4. Cross-Border Trade
In recent decades, there has been mounting evidence to suggest that border regions are not economically marginal, but are the sites of important commercial activity. The decline of the formal economy in the national capitals has only served to draw further attention to the apparent dynamism of the margins where populations have often grown faster than the national average. Members of the ABORNE Research Networking Programme are concerned with mapping trade, both legal and illicit, and with evaluating its developmental potential. At the present time, the regional integration agenda of bodies like the Southern African Development Community (SADC) is prioritising infrastructural initiatives (e.g., roads, railways and bridges) that promise to create new hotbeds of trading activity. Researchers participating in the ESF Research Networking Programme are especially interested in the phenomenon of border boom towns that arise out of these interventions.
5. Borders and Resource Use
Some research points to the developmental impact of international borders. National policies are often influenced by concerns that roads and health facilities may be used by people from across the border, with the net result that border communities may be neglected. The way in which aid operates in practice often produces the least rational use of resources especially on a continent with a large number of micro-states. This is particularly problematic where cross-border networks serve as disease transmission routes, as has been argued for HIV/AIDS. The issue of cross-border resource use is of fundamental importance where watersheds have been used to define the borders themselves. Where borders meet on larger bodies of water, such as Lake Victoria or the Zambezi River, issues of equal access to fishing stocks are important concerns that are only now being taken up in a sustained way. In the context of climate change scenarios, there is a growing perception that securing joint access to resources is set to become one of the most important items on the political agenda. The ABORNE Research Networking Programme will assess the implications of borders for resource access as well as the long-term potential of current initiatives for ensuring shared use of pasturage and water.

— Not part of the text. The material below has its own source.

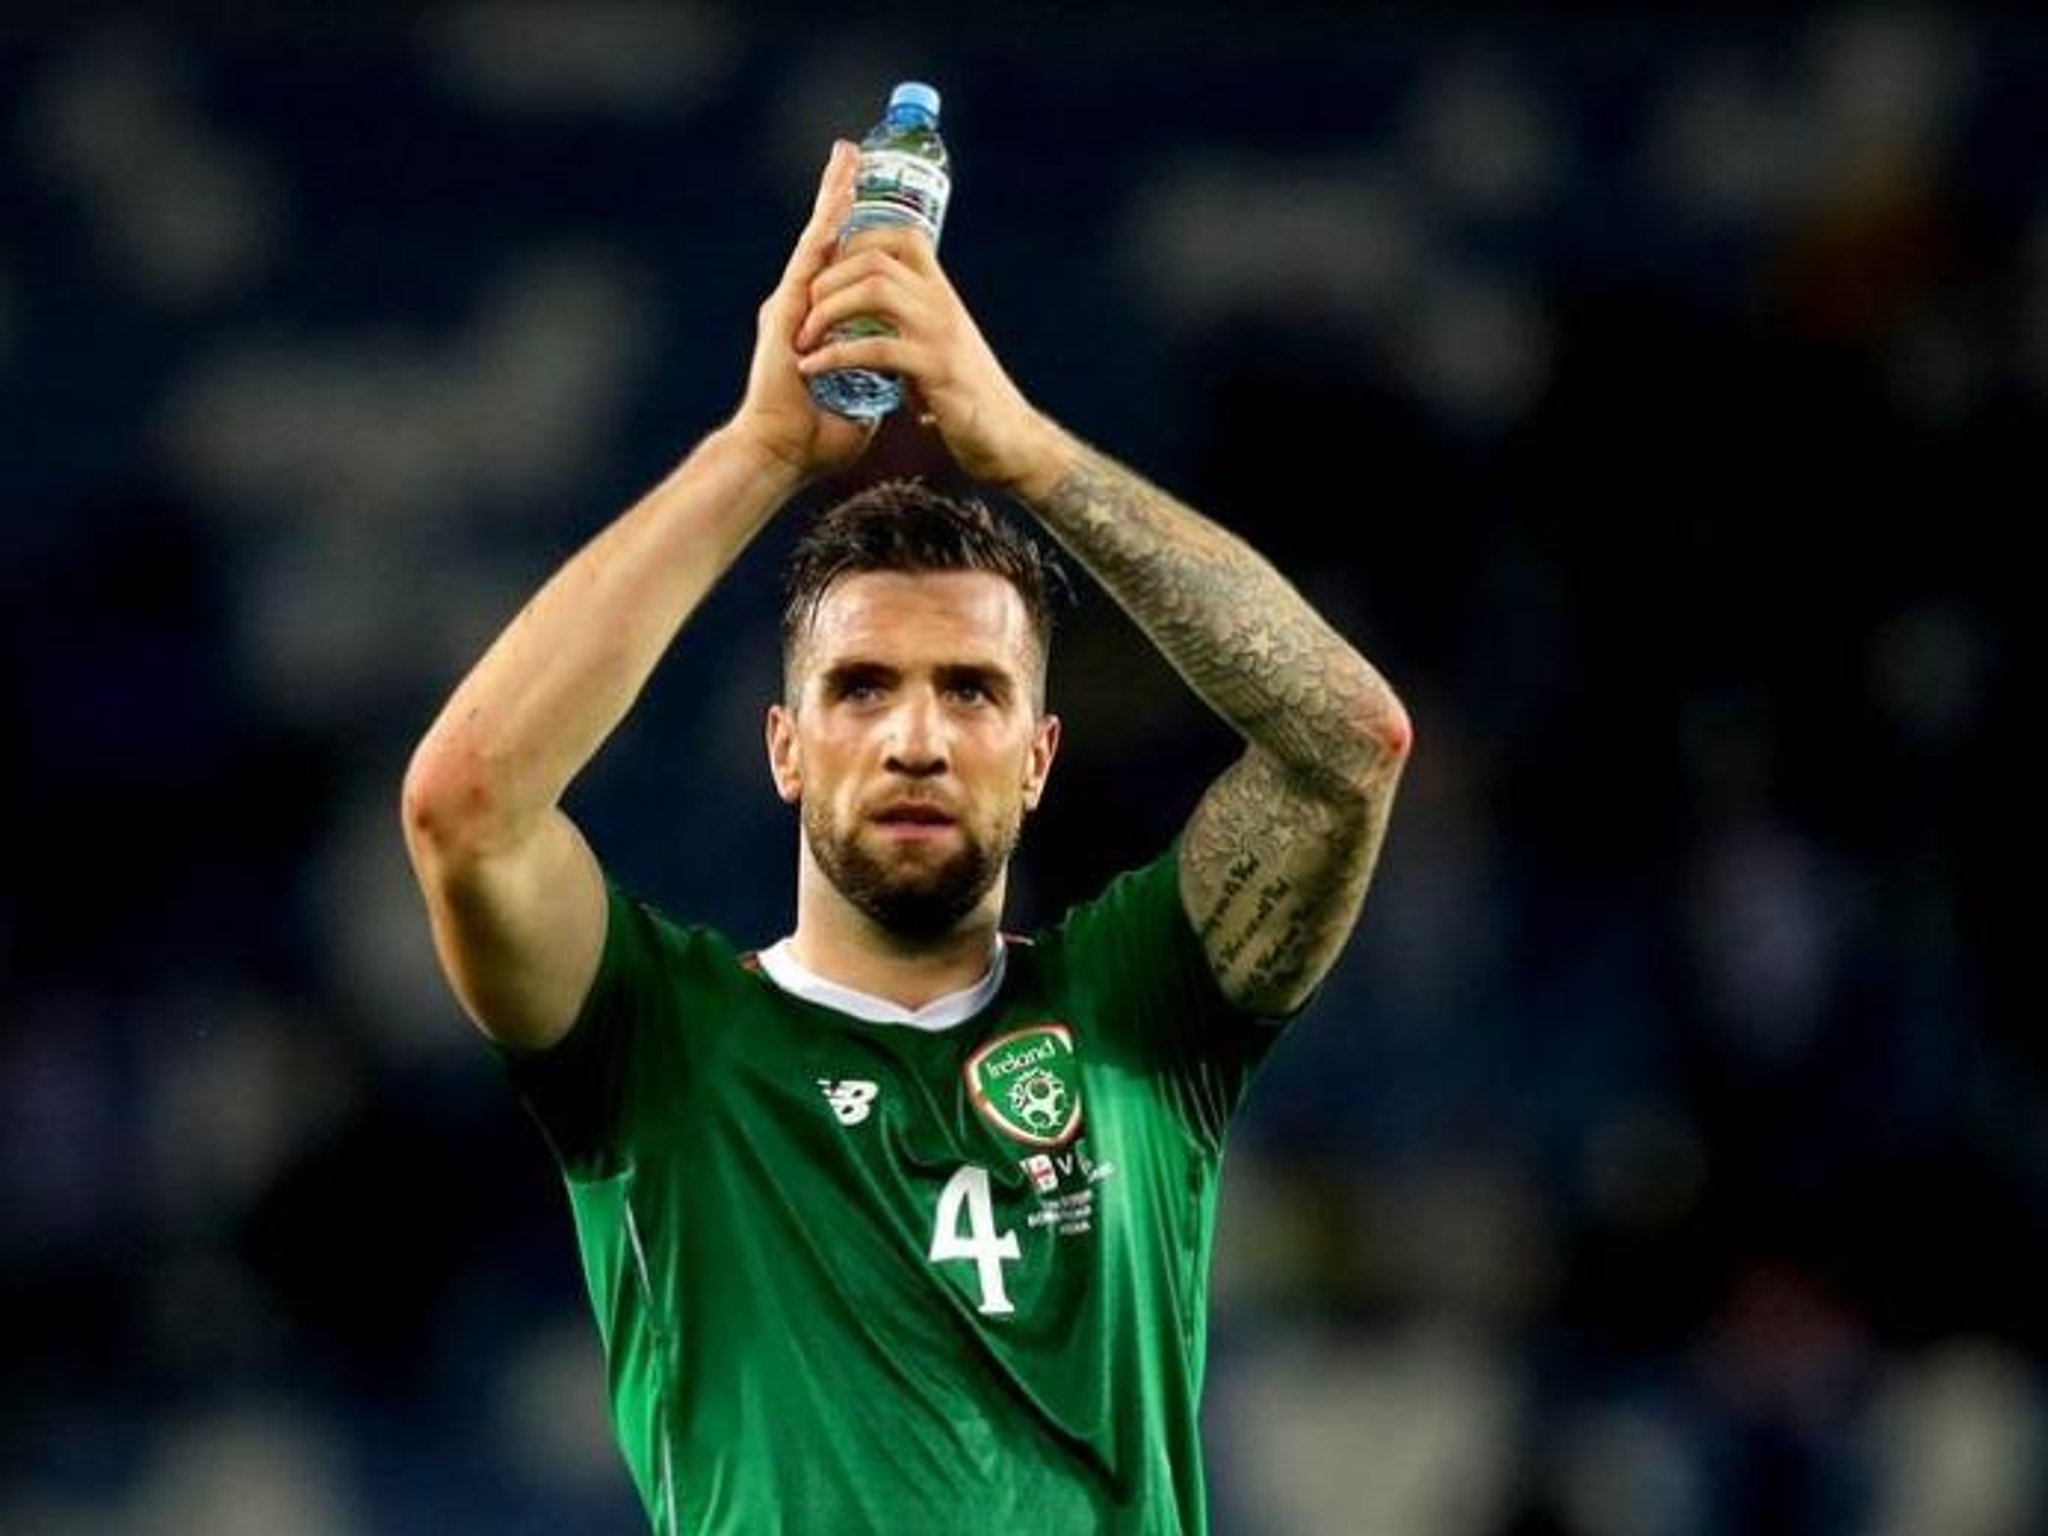 Shane Duffy McCourt played a part on his dream move to Celtic Journal

6. Regimes of Border Regulation
Although many border regions have been characterised by a lack of state presence, the convergence of regional integration initiatives, the creation of transport corridors and new technologies of customs control is also leading to the re-insertion of the state into many border areas, but also of privatised forms of regulation: companies providing customs and security services as well as smuggling rings and vigilante groups are active competitors, but often also intimately entwined with state of officials in borderlands. The possibility that certain African borderlands will be subjected to much closer regulation than ever before is a real one. The ABORNE Research Networking Programme will be pooling diverse evidence and tracing the implications of these changes for state-society interactions in the longer term.